Suspicions of links continued after Jordania’s takeover, as Chelsea used Vitesse – which plays in the Dutch Eredivisie – as a partner club, to which players not yet ready for the demands of the English Premier League could be loaned and gain competitive experience. Many Chelsea players went to Vitesse on loan throughout the 2010s, notably including the Serbia international Nemanja Matić and the current Chelsea and England star Mason Mount, who played for Vitesse in the 2017-18 season.
Further questions were asked after Jordania left in 2013 and another associate of Abramovich, the Russian businessman Alexander Chigirinsky, took over.

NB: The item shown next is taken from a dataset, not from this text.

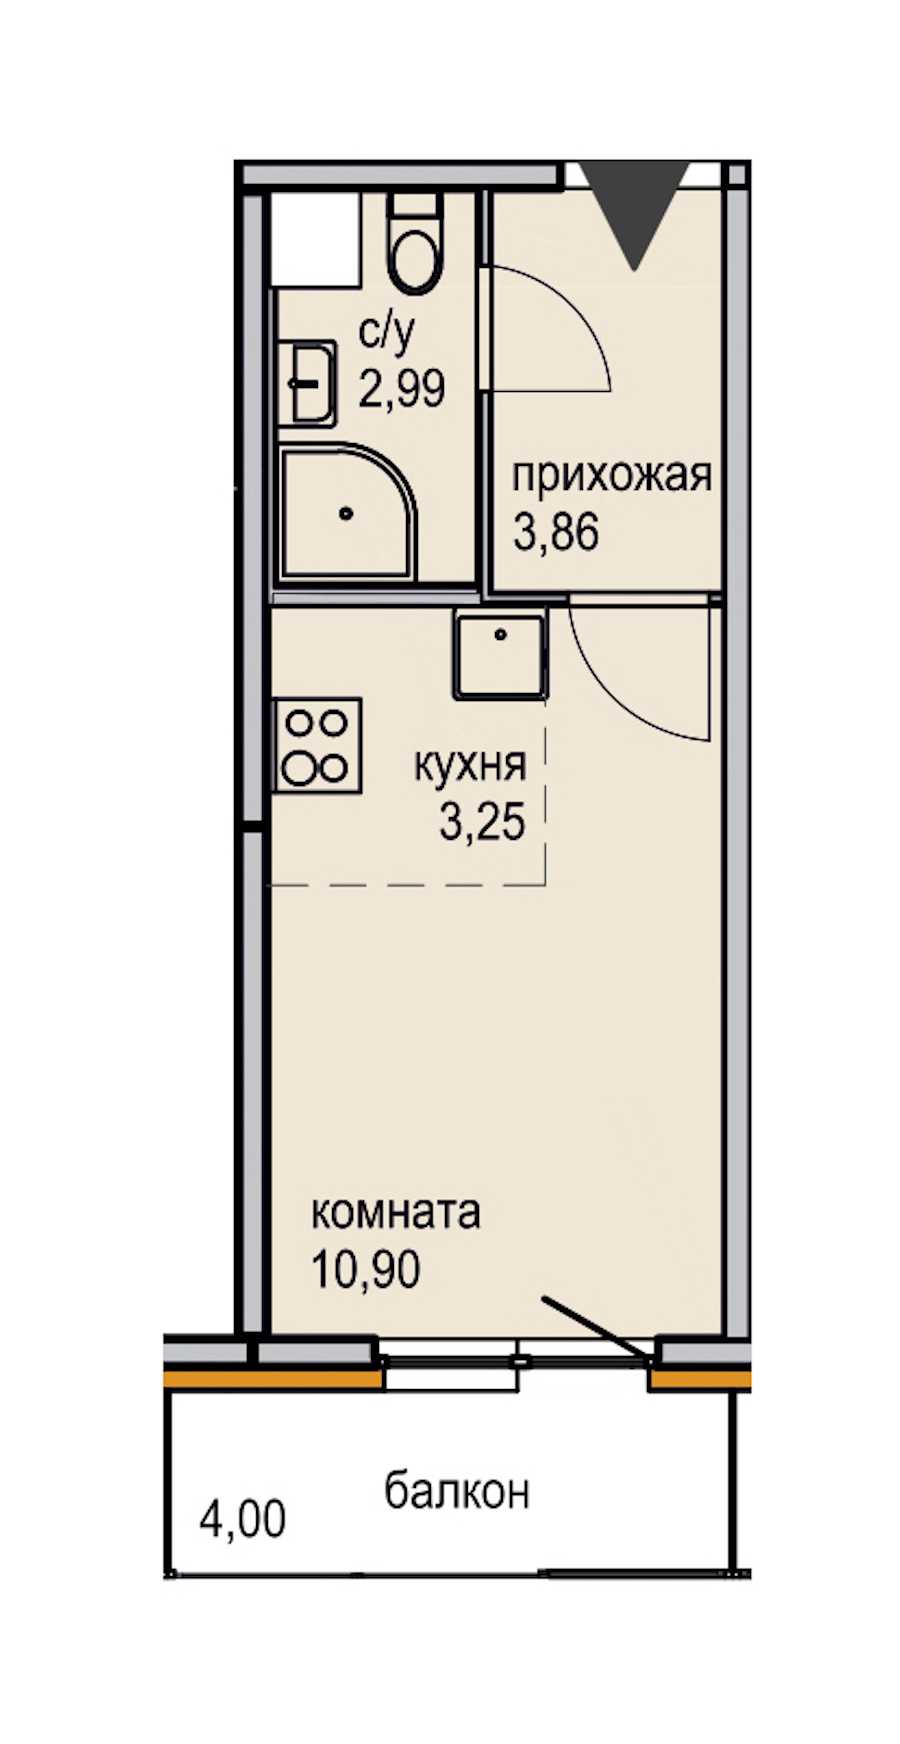 Студия в ЮИТ: площадь 21 м2 , этаж: 8 – купить в Санкт-Петербурге

Vitesse and Jordania revealed at that point that Chigirinsky had already been financially involved in the club, since the 2010 takeover.
In April 2014, Jordania appeared to allege that Chelsea was involved, fuming that Vitesse had been prevented from strengthening its team in a bid to win the Eredivisie and qualify for the Uefa Champions League because “London didn’t want that”. He later withdrew the comments, and still maintains there was no truth to the allegation.
The revelations prompted the second KNVB investigation, which concluded “there are no indications that Chelsea has a say in Vitesse’s policy”.
In 2017, the Guardian reported that associates of Abramovich based at Chelsea’s Stamford Bridge offices had been involved in the Vitesse takeover. At the time, Chelsea declined to comment, saying only: “We enjoy a close working relationship with Vitesse Arnhem, as we do with other clubs.”
The rules of Uefa, the European football confederation, require clubs that play against each other to be independently owned and run “to ensure the integrity of the competitions”, and that “no individual or legal entity may have control or influence over more than one club participating in a Uefa club competition”.
The leaked trove of documents appears to show that Abramovich bankrolled Vitesse’s spending with a series of loans worth at least €117m (£102.8m) by the end of 2015. This was a huge investment for Vitesse, whose total turnover in 2014-15 was €14m (£12.3m).
Abramovich bought Chelsea in 2003 after becoming a Russian oil and gas billionaire, pouring £2bn into the club to fund signings of world-class stars. They delivered unprecedented success, including twice winning the Champions League. Abramovich was forced to sell Chelsea last year after being subject to sanctions following Russia’s invasion of Ukraine.